Autograd engine, micrograd: brief

What you’ll learn

This is the opener of Phase 1 (The autograd engine) in the Build Neural Networks from Scratch track, which follows the arc of Andrej Karpathy’s Neural Networks: Zero to Hero series. The track’s contract is simple: by the end, nothing inside a neural network is a mystery, because you will have built every piece from nothing.

This lesson builds the engine that makes a network able to learn: an autograd engine. A network learns by nudging its parameters to make the loss smaller, and to know which way to nudge each one it needs that parameter’s gradient. micrograd, the smallest honest version (about 150 lines), computes those gradients automatically with three ideas: wrap every number in a Value that records how it was computed (the computational graph), give each operation a local derivative known in advance, and backpropagate by walking the chain rule backward through the graph until every node holds its gradient. The lesson works one full backward pass by hand on L = (a*b + c) * f, adds tanh so the engine can express a neuron, and shows that loss.backward() in PyTorch is exactly this procedure on tensors.

Where this fits

This is lesson 1 of Phase 1, The autograd engine, and the opener of the whole track. There is no prior lesson in this track; it starts from zero. The next lesson takes the engine built here and does what it was built for: assembling neurons into a network and training it by repeatedly computing gradients and stepping the parameters downhill. Phase 2 then moves from this single-value engine to a language model, and Phase 3 to a transformer. Every later lesson rests on the gradient mechanism this one establishes.

Before you start

Prerequisites (conceptual, not lessons in this track): you’ll get the most from this lesson if you already know what a neural network is in shape (an input passed through layers of weighted sums and nonlinearities, learning by adjusting its weights) and the chain rule from calculus (rates multiply through a composition of functions). If “the chain rule sends a rate backward through a composition” reads cleanly, you have the one piece of math this lesson leans on; everything else is built inline. No coding is required to follow the lesson, though reading the micrograd repo (MIT-licensed, around 150 lines) afterward is the fastest way to make it concrete.

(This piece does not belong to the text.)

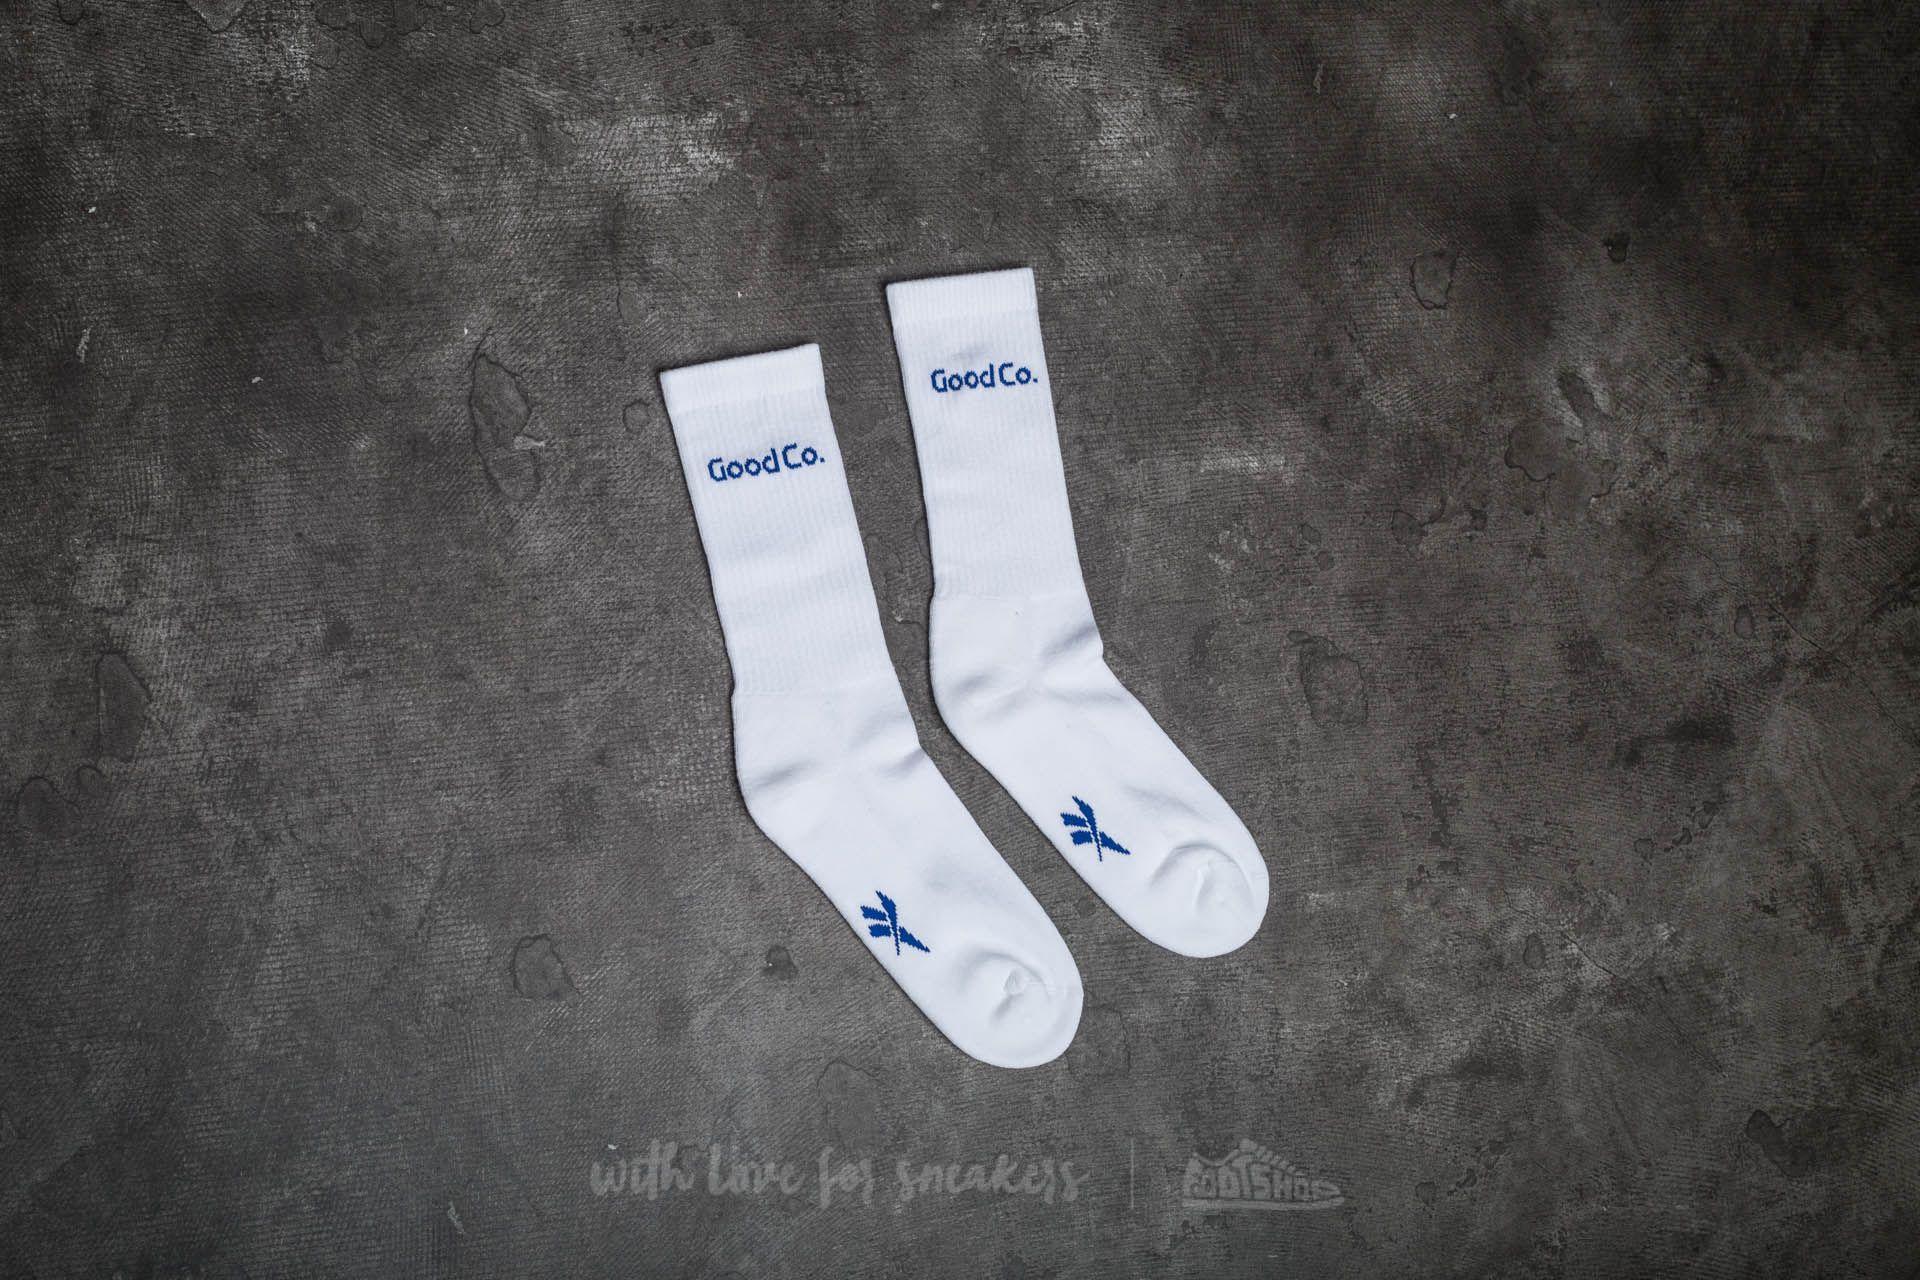 c8368013538 Reebok Classic x The Good Company Crew Socks White

By the end, you’ll be able to

Explain why a neural network needs the gradient of the loss with respect to every parameter, and what a gradient tells you about how to nudge a parameter
Describe how wrapping each number in a Value object records the computation as a graph during the forward pass
State the local derivative of addition, multiplication, and tanh, and explain why each one depends only on its own operation
Run a full backward pass by hand on a small expression, computing the gradient of the output with respect to every input via the chain rule
Recognize that loss.backward() in real frameworks is this same procedure (recorded graph, local derivatives, chain rule walked backward), just on tensors instead of single numbers

Time and difficulty

Read time: about 18 minutes
Practice time: about 20 minutes (a full backward pass by hand, optionally confirmed against micrograd’s visualizer, plus flashcards)
Difficulty: standard